# The task
From top to bottom, retype the data exactly, passing over any picture.

# Given information
* * * * *

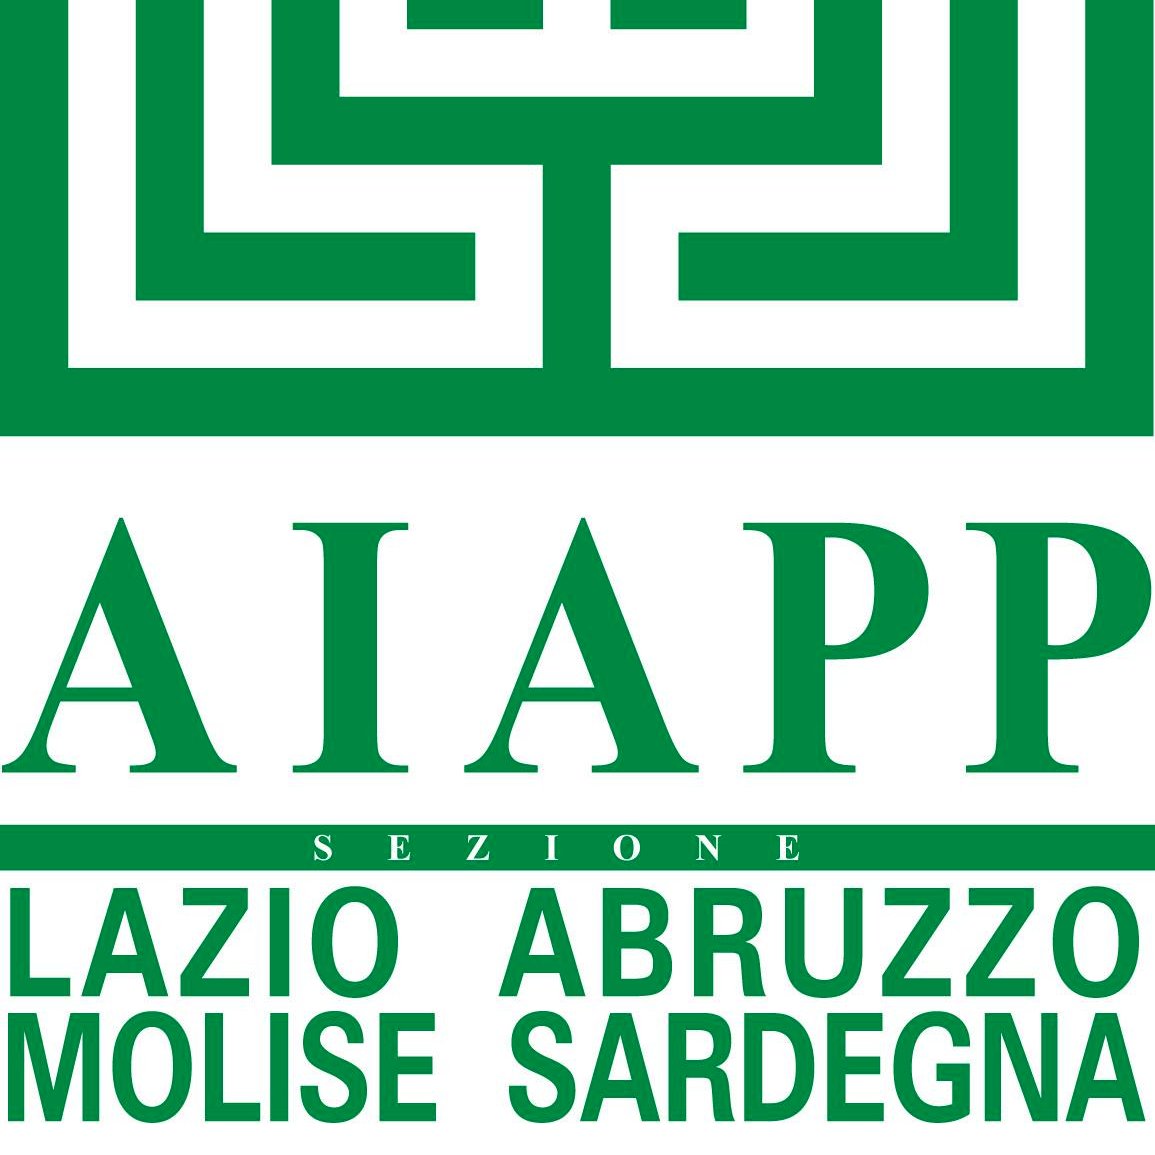 AIAPP Sezione Lazio Sardegna Abruzzo Molise - Associazione Italiana di Architettura  del Paesaggio  https://t.co/ZePp6XMWgz  
instagram@aiapp_lams 
FB@aiappLAMS
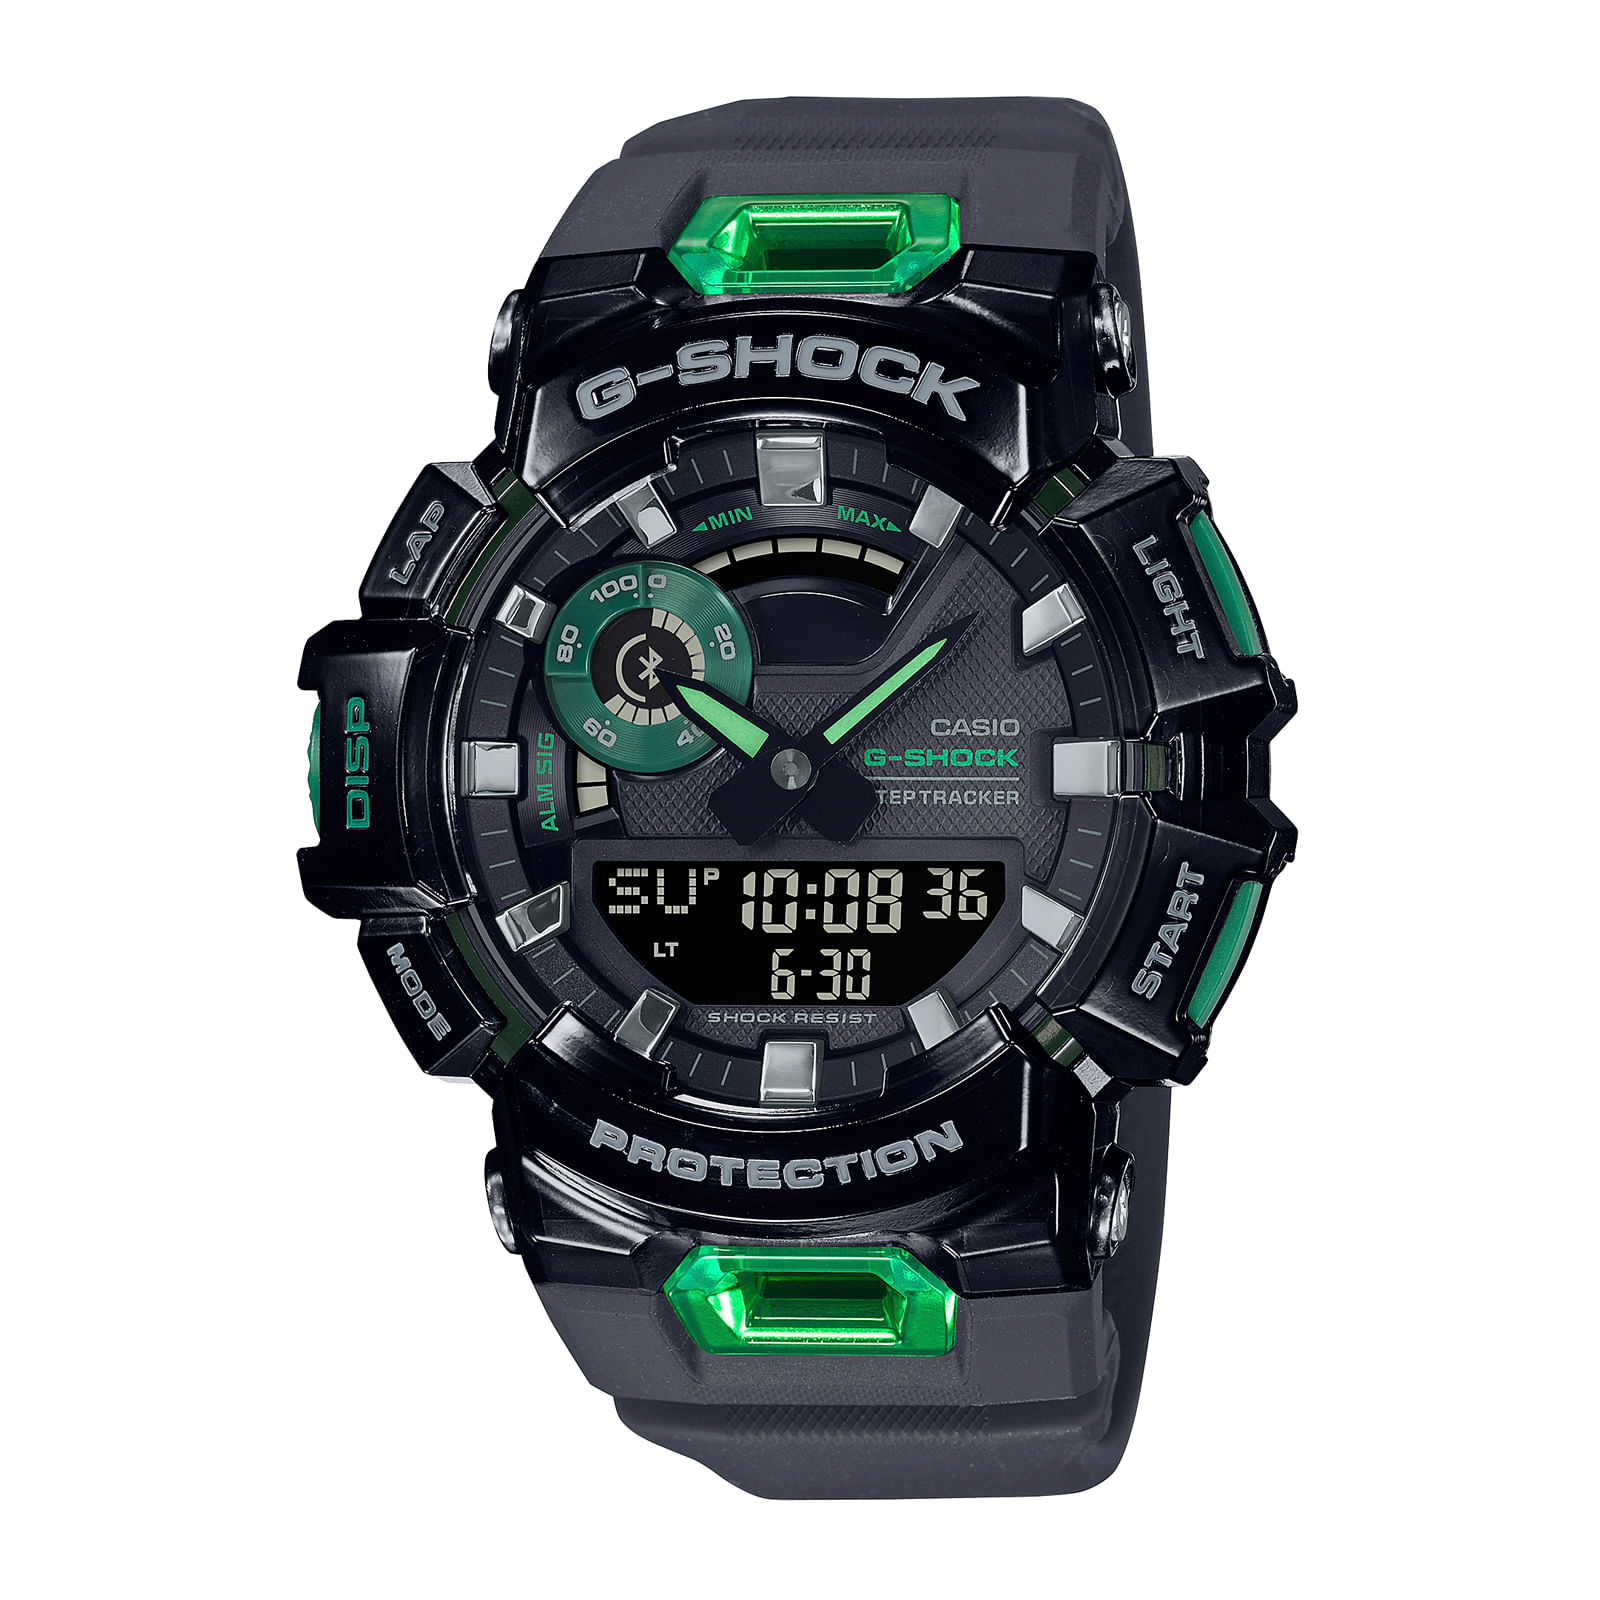 Reloj G-SHOCK GBA-900-4A Resina Hombre Coral - Btime

* * * * *

# Response below
 AIAPP Sezione Lazio Sardegna Abruzzo Molise - Associazione Italiana di Architettura  del Paesaggio  https://t.co/ZePp6XMWgz  
instagram@aiapp_lams 
FB@aiappLAMS
 Reloj G-SHOCK GBA-900-4A Resina Hombre Coral - Btime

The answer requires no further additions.